While both recessions and financial crises pose significant financial difficulties for the real estate industry, knowing the difference between them gives real estate professionals the ability to shift their business strategies to meet the unique challenges and opportunities of each.
Here’s your car on Recession…
When a car goes too fast, you tap the brakes to keep it from getting out of control. In business-cycle terms, the car is the economy, the Fed is the driver and the brakes are the monetary policy which slows the car down when it reaches an unsafe speed.
So go recessions: they are premeditated corrections of the conditions caused by an overheating economy, and defined as three or more quarters of substantial economic decline. The Fed, by raising key interest rates (a practice called monetary policy) initiates a recession — a business slowdown — to steady the growth of the economy and ward off consumer price inflation. This increase in the cost of borrowing and reduction in money available in the system slows the ability of businesses and consumers to borrow money with which to consume goods and services. [For more information about the Fed’s role in recessions, see the June 2011 first tuesday article, Suspect behavior: why and how the Fed creates a recession.]
When the Fed steps on the brakes, interest rate increases fan out into the economy and, over a 12-month period, impact the cost of money for banks (lenders). To recoup their increased costs, lenders raise interest rates charged to (among others) their mortgage loan borrowers, i.e., potential homebuyers. This increase in mortgage rates necessarily lowers the price of the financial ability of potential homebuyers to purchase their homes. [For more information on the change in buyer purchasing power affected by changing interest rates, see the May 2010 first tuesday article, Buyer purchasing power.]
Employment also plays a major role in buyer purchasing power. As mortgage interest rates rise in reaction to the Fed’s increase in interest rates and perceived inflationary conditions, called contractionary monetary policy, this also affects employment numbers — jobs. Less money flowing in the economy means less money for new hires and pay raises, or, in more severe cases, layoffs to decrease existing payrolls. [For more information on current employment numbers, see the first tuesday Market Chart, Jobs move real estate.]

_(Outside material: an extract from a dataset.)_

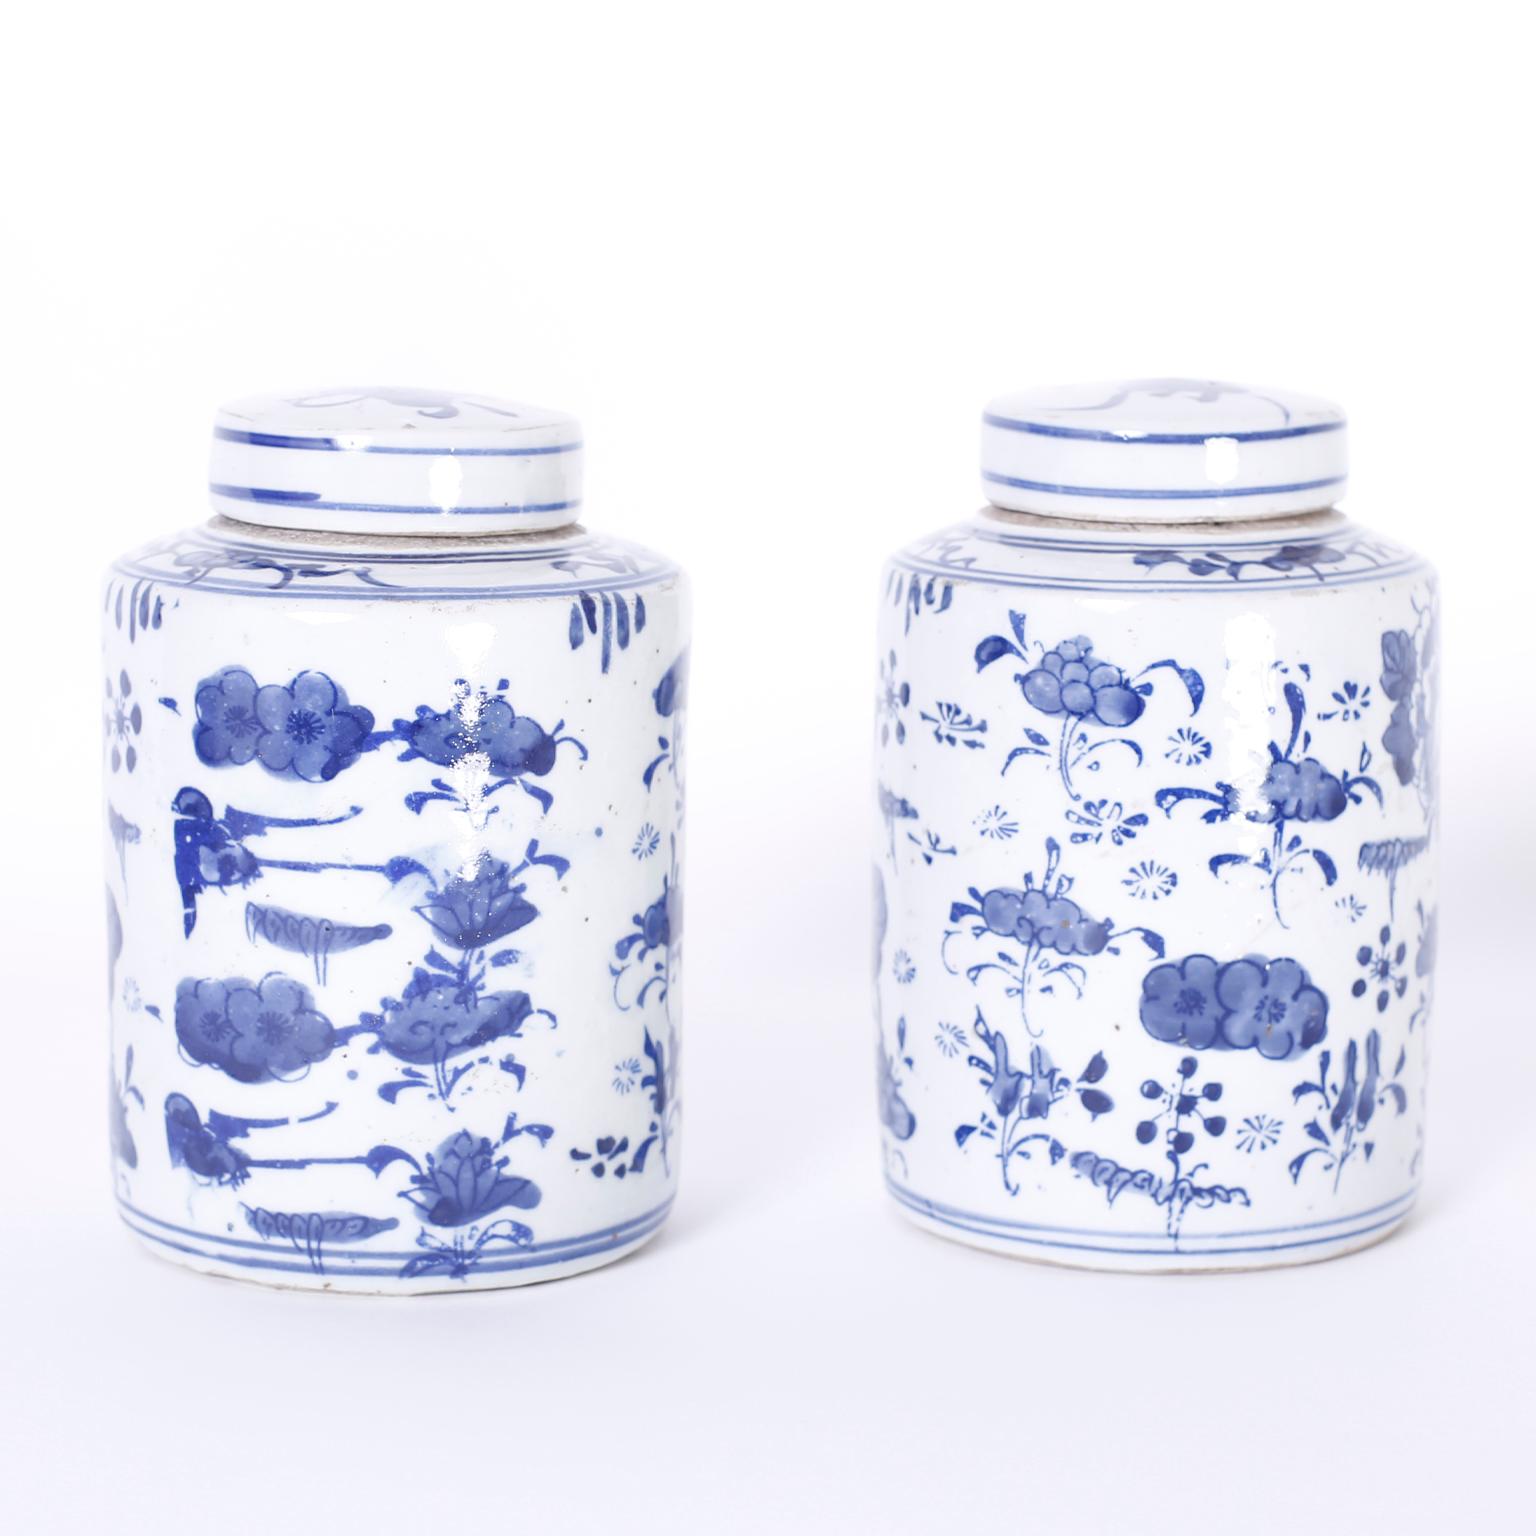 Pair of Chinese blue and white porcelain lidded tea caddies hand painted with poppies and assorted flowers.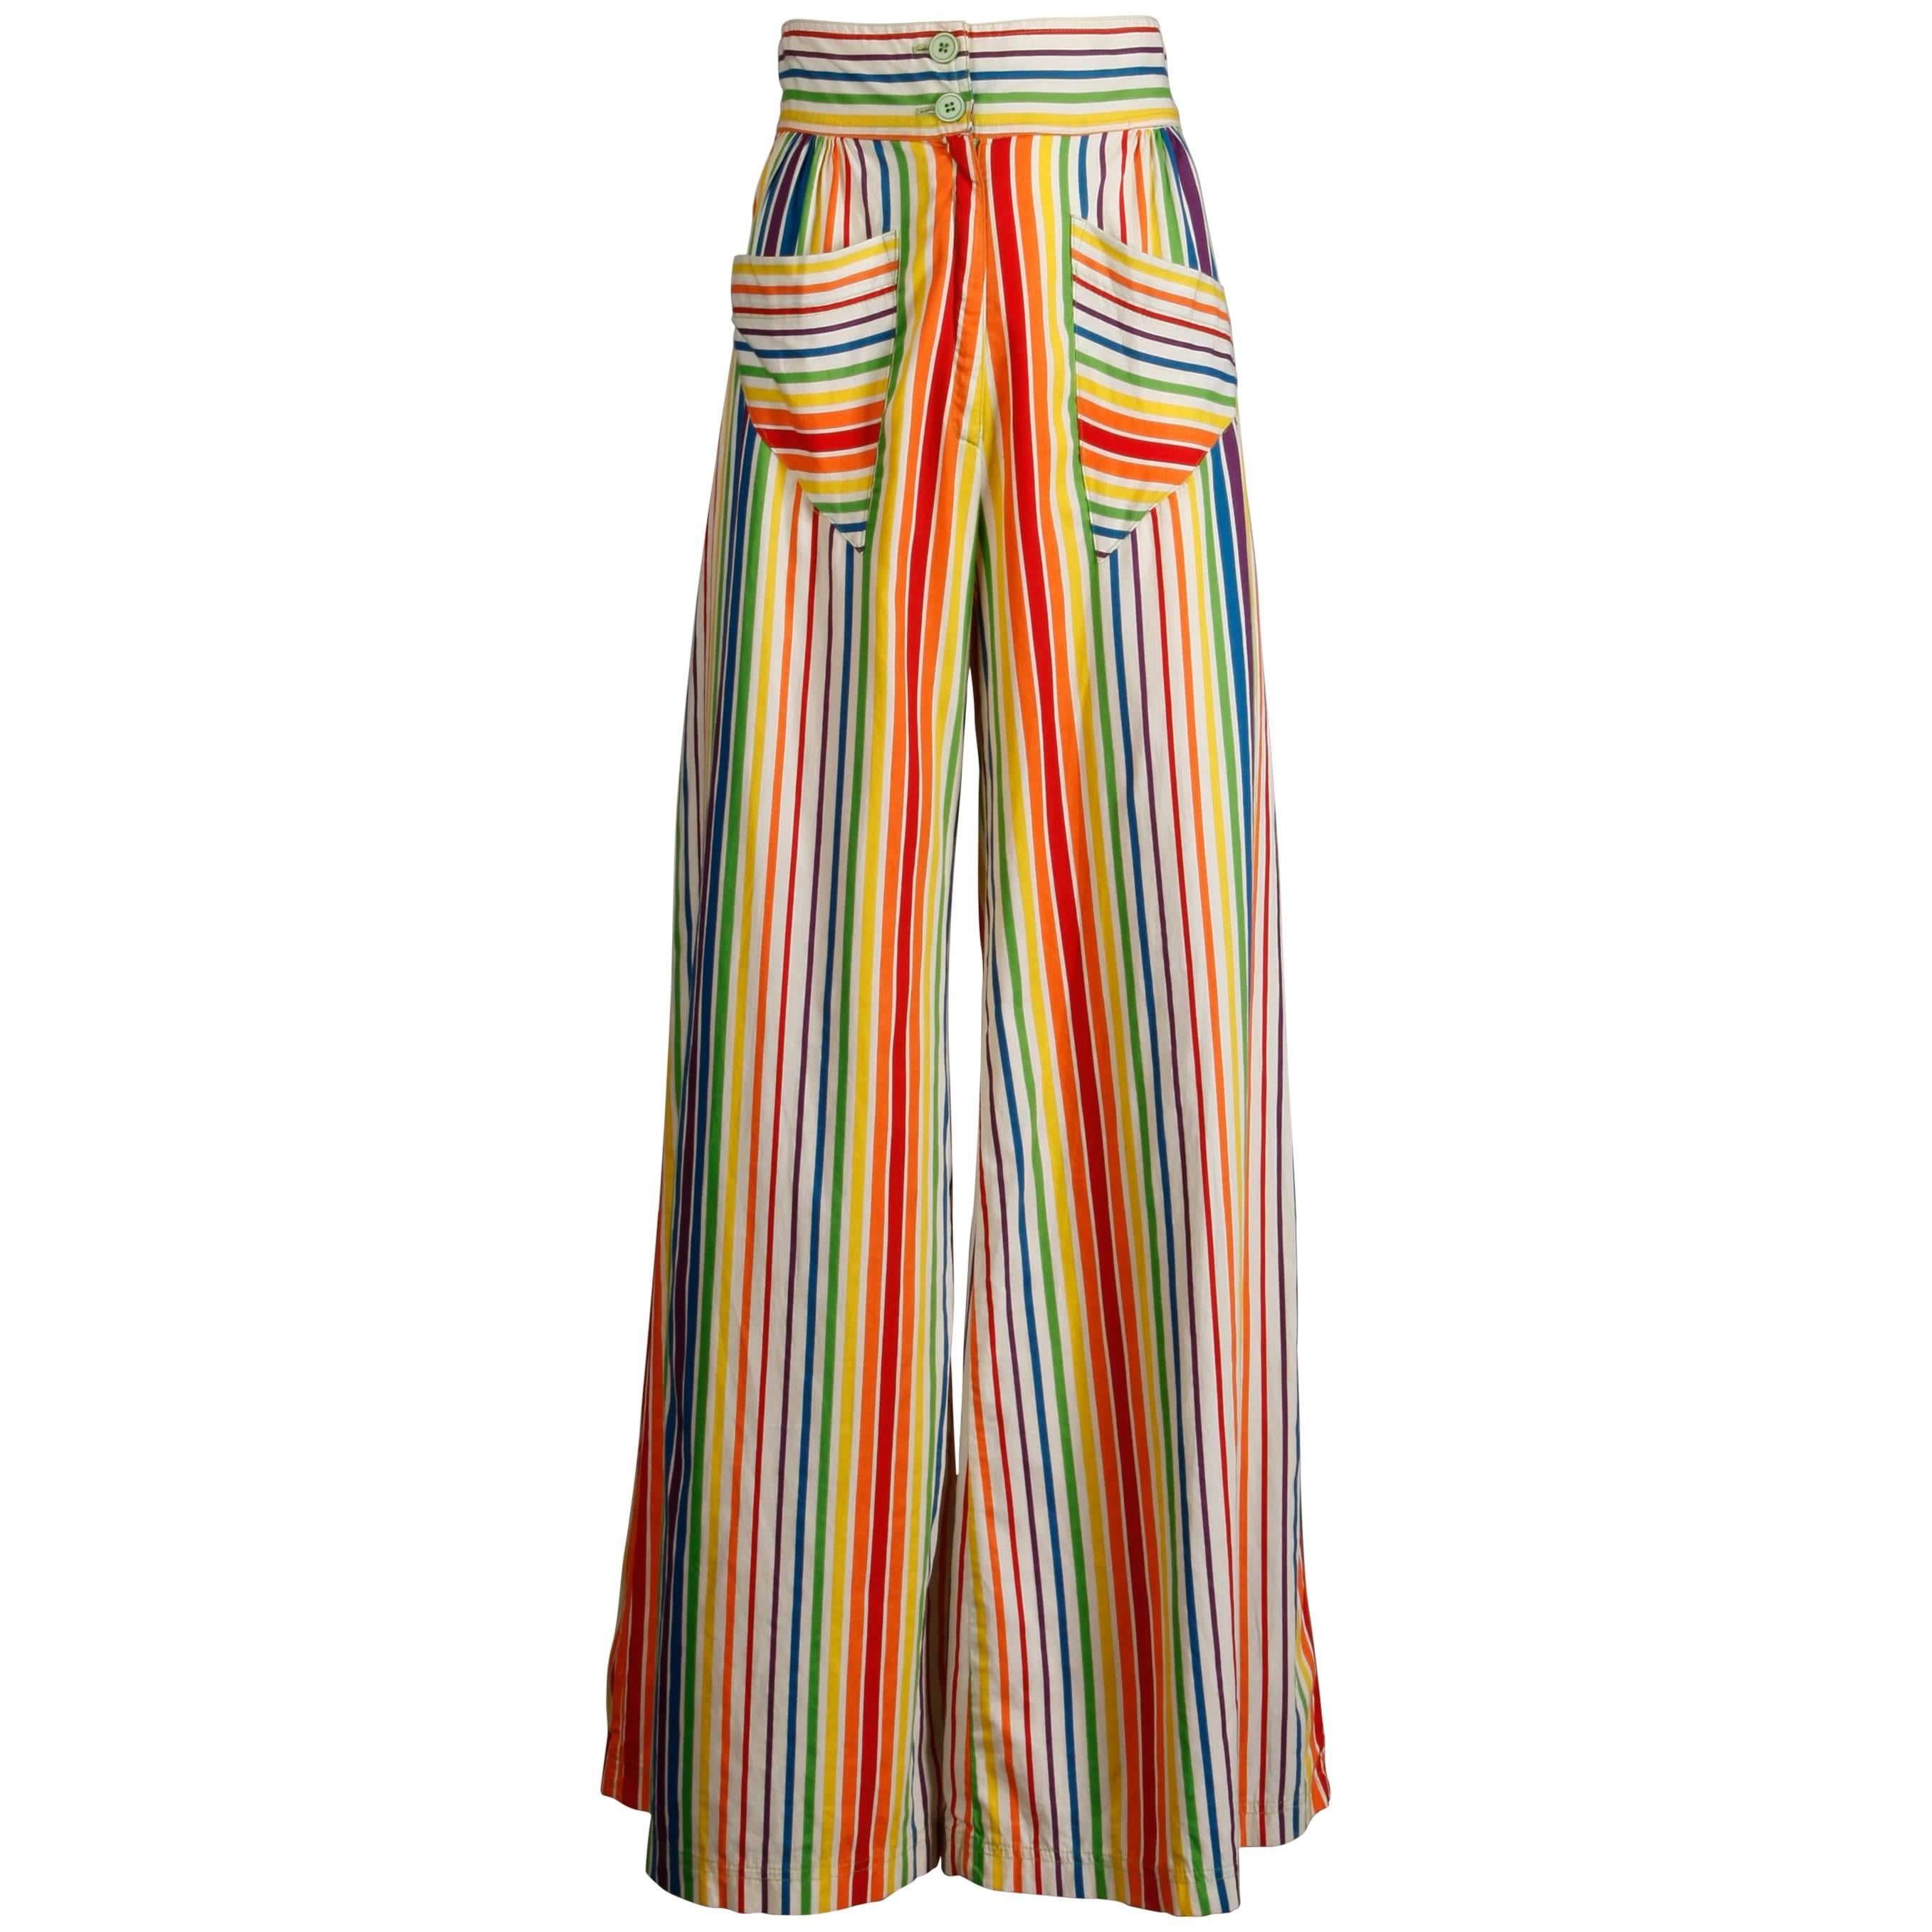 Betsey Johnson for Alley Cat Vintage Rainbow Striped Palazzo Pants, 1970s

The decrease in buyer purchasing power culls the herd of potential homebuyers, resulting in a decrease in demand for homeownership since there are fewer homebuyers competing for property. Eventually, this decrease in demand causes housing prices to drop after the typical period of seller (and seller’s agent) denial. [For more information on the sticky price phenomenon, see the December 2009 first tuesday article, The flat-line recovery: a side-effect of sticky housing prices.]
Eventually, when the economy has contracted enough and the threat of consumer price inflation has passed, the Fed begins to lower interest rates and increases the flow of money back into the economy to stimulate economic growth. Lower interest rates lure prospective homebuyers back into the market, demand ticks up, housing prices follow soon afterwards (there’s no stickiness on the way up) and the cycle begins anew.
A garden-variety recession leaves in its wake sluggish real estate sales, high interest rates and a dip in housing prices. But that’s not happened with the aptly named Great Recession. Here’s what happened instead:
…now here’s your car on Financial Crisis
Imagine you’re a passenger in that car being driven by the Fed as it goes up a mountain road at night after a staggeringly hedonistic party. Neither of you are paying any attention to the signs, so you don’t realize you’ve crested the peak until, with a lurch, you feel the car beginning to go downhill, and at a pretty quick clip. Just ahead, there it is: Depression Ravine.
The Fed looks around for a way to stop the car from careening off the side of the road, but finds the brake cables have been cut. Simultaneously with this revelation, the steering wheel snaps off and a rear tire blows. This car’s going to stop, but it won’t be controlled, or pretty.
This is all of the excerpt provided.